遺伝子合成につながる手順:
遺伝子合成は、いくつかの重要なステップを含む複雑なプロセスです。一般的なワークフローの内訳は次のとおりです。
1。設計とシーケンスの最適化:
* 遺伝子設計: 目的の遺伝子配列は、望ましいタンパク質、機能、またはその他の望ましい特性に基づいて決定されます。
* シーケンス最適化: 遺伝子配列は、選択した宿主生物のコドンの使用、発現レベル、およびタンパク質の安定性に最適化されています。これには、多くの場合、ホストの翻訳機械によって好まれることが知られている特定のコドンを組み込むことが含まれます。
2。オリゴヌクレオチド合成:
* 短いオリゴヌクレオチド: 最適化された遺伝子配列は、オリゴヌクレオチドと呼ばれるより小さな重複する断片に分割されます。これらは通常、長さ40〜60の塩基ペアです。
* 固相合成: オリゴヌクレオチドは、一度に1つのヌクレオチドを使用して、自動化されたシンセサイザーを使用して合成されます。 このプロセスは非常に正確で効率的です。
3。オリゴヌクレオチドのアセンブリ:
* フラグメントアセンブリ: 合成されたオリゴヌクレオチドは、さまざまな方法を使用して、より大きな断片に組み立てられます。
* PCRベースのアセンブリ: プライマーは、オリゴヌクレオチドの重複端までアニールするように設計されています。 PCR増幅は、フラグメントを一緒に結合します。
* ギブソンアセンブリ: この方法では、端が重複してDNAフラグメントをカットして結紮する特別な酵素を使用して、シームレスなアセンブリを達成します。

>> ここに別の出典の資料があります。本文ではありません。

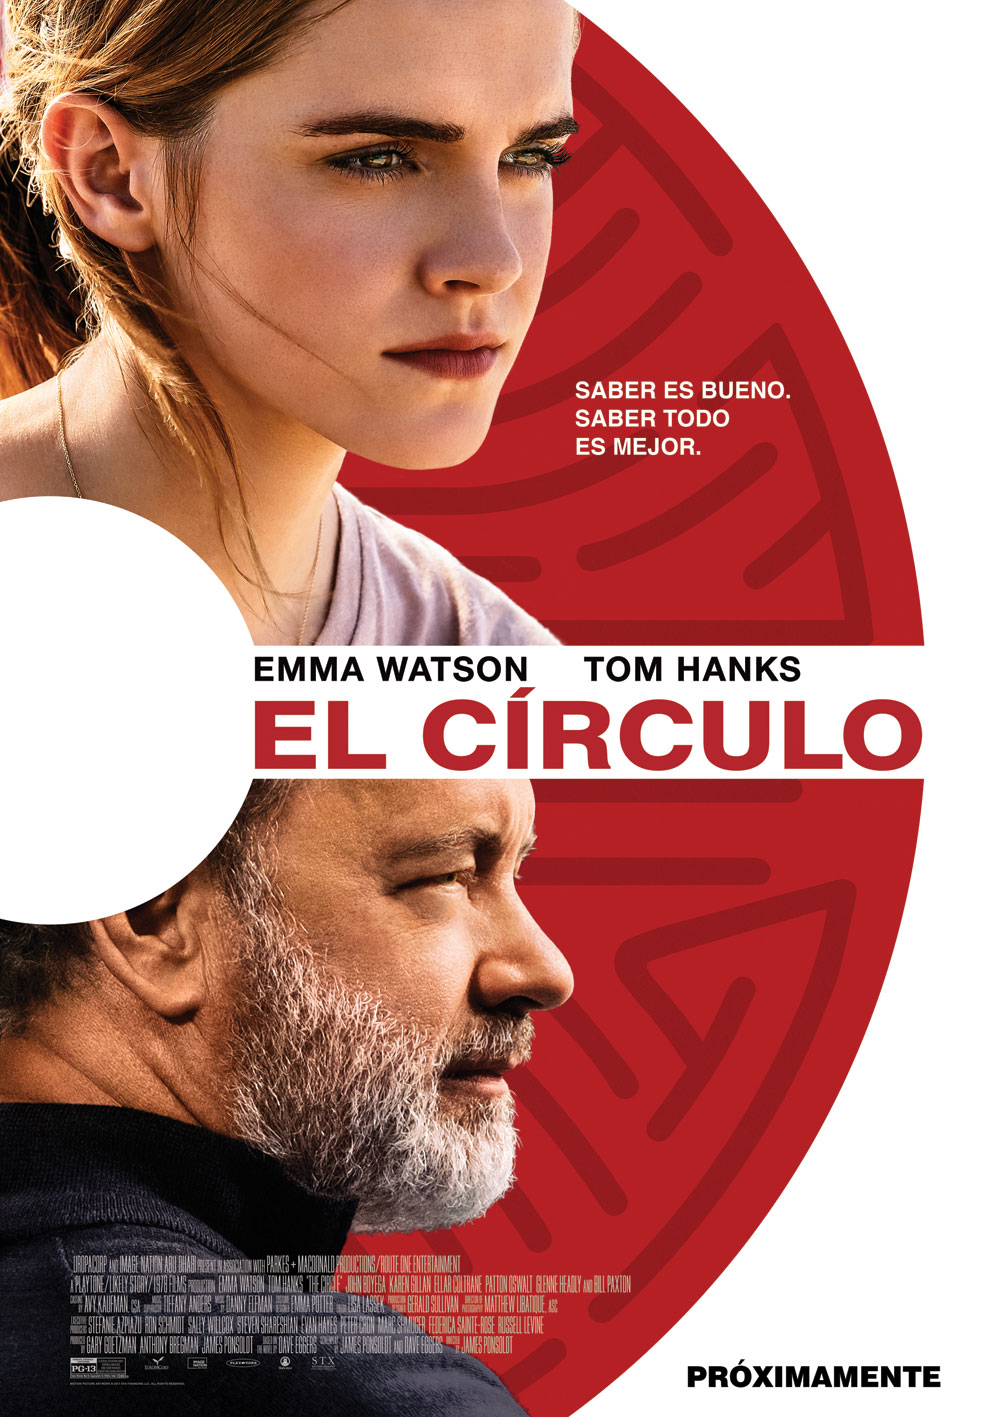 https://www.andesfilms.com.pe/el-circulo-2/

* ゴールデンゲートアセンブリ: この方法では、タイプII制限酵素を使用して、オリゴヌクレオチドの端に特定のオーバーハングを作成し、方向クローニングを可能にします。
4。遺伝子検証:
* シーケンス: 組み立てられた遺伝子は、精度を確保し、目的の配列が正しく合成されたことを確認するために配列決定されます。
5。クローニングと表現:
* クローニング: 検証された遺伝子は、適切なベクターにクローン化され、それを発現のために宿主生物に導入できます。
* 式: クローン化された遺伝子は、宿主生物で発現して、望ましいタンパク質を生成します。
6。タンパク質精製と特性評価:
* タンパク質精製: タンパク質は、アフィニティクロマトグラフィーやイオン交換クロマトグラフィーなどのさまざまな方法を使用して、宿主細胞抽出物から精製されます。
* タンパク質の特性評価: 精製されたタンパク質を分析して、その構造、機能、および特性を確認します。
追加メモ:
* 自動化とハイスループット: 最新の遺伝子合成技術は高度に自動化されており、同時に数百または数千の遺伝子を合成することができます。
* コスト: 近年、遺伝子合成のコストが大幅に減少しており、研究や産業用アプリケーションにとってよりアクセスしやすくなっています。
* アプリケーション: 遺伝子合成には、以下を含む多数のアプリケーションがあります。
* バイオ医薬品開発: 治療タンパク質とワクチンを産生します。
* 農業バイオテクノロジー: 病気耐性作物の開発と作物の収穫量の改善。
* 産業バイオテクノロジー: さまざまな用途向けの酵素およびその他のバイオ触媒を生成します。
* 基礎研究: 遺伝子機能、タンパク質構造、および進化の研究。
これらの手順に従うことにより、研究者と企業は、特定のシーケンスと機能を備えた合成遺伝子を作成し、幅広い分野で進歩を促進できます。